─── Data supplied ───

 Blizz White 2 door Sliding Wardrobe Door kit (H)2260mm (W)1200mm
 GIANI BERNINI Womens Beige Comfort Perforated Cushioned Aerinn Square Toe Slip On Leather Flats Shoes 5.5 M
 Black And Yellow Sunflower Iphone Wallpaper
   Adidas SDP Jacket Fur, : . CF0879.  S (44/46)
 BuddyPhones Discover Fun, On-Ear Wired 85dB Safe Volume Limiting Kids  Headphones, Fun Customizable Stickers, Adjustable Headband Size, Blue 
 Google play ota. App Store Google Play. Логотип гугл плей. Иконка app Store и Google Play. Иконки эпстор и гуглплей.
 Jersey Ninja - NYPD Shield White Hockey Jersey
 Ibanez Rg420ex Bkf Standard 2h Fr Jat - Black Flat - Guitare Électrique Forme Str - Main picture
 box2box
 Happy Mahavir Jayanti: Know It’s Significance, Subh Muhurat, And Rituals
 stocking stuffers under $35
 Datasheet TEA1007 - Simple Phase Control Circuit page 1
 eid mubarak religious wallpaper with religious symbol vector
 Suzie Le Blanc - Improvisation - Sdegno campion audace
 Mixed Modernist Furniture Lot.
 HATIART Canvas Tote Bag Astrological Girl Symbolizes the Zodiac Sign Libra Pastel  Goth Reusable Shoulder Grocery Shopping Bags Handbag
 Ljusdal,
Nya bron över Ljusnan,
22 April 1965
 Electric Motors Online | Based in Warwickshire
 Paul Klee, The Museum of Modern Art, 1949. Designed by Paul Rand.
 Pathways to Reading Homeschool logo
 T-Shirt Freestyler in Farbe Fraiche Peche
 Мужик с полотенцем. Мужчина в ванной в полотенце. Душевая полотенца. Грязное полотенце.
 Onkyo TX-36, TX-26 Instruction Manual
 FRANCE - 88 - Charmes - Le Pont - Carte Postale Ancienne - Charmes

───

Extract every line from the one containing "T-Shirt Freestyler in Farbe Fraiche Peche" to the end of the entries, including both of those lines, exactly as given and with nothing added.

 T-Shirt Freestyler in Farbe Fraiche Peche
 Мужик с полотенцем. Мужчина в ванной в полотенце. Душевая полотенца. Грязное полотенце.
 Onkyo TX-36, TX-26 Instruction Manual
 FRANCE - 88 - Charmes - Le Pont - Carte Postale Ancienne - Charmes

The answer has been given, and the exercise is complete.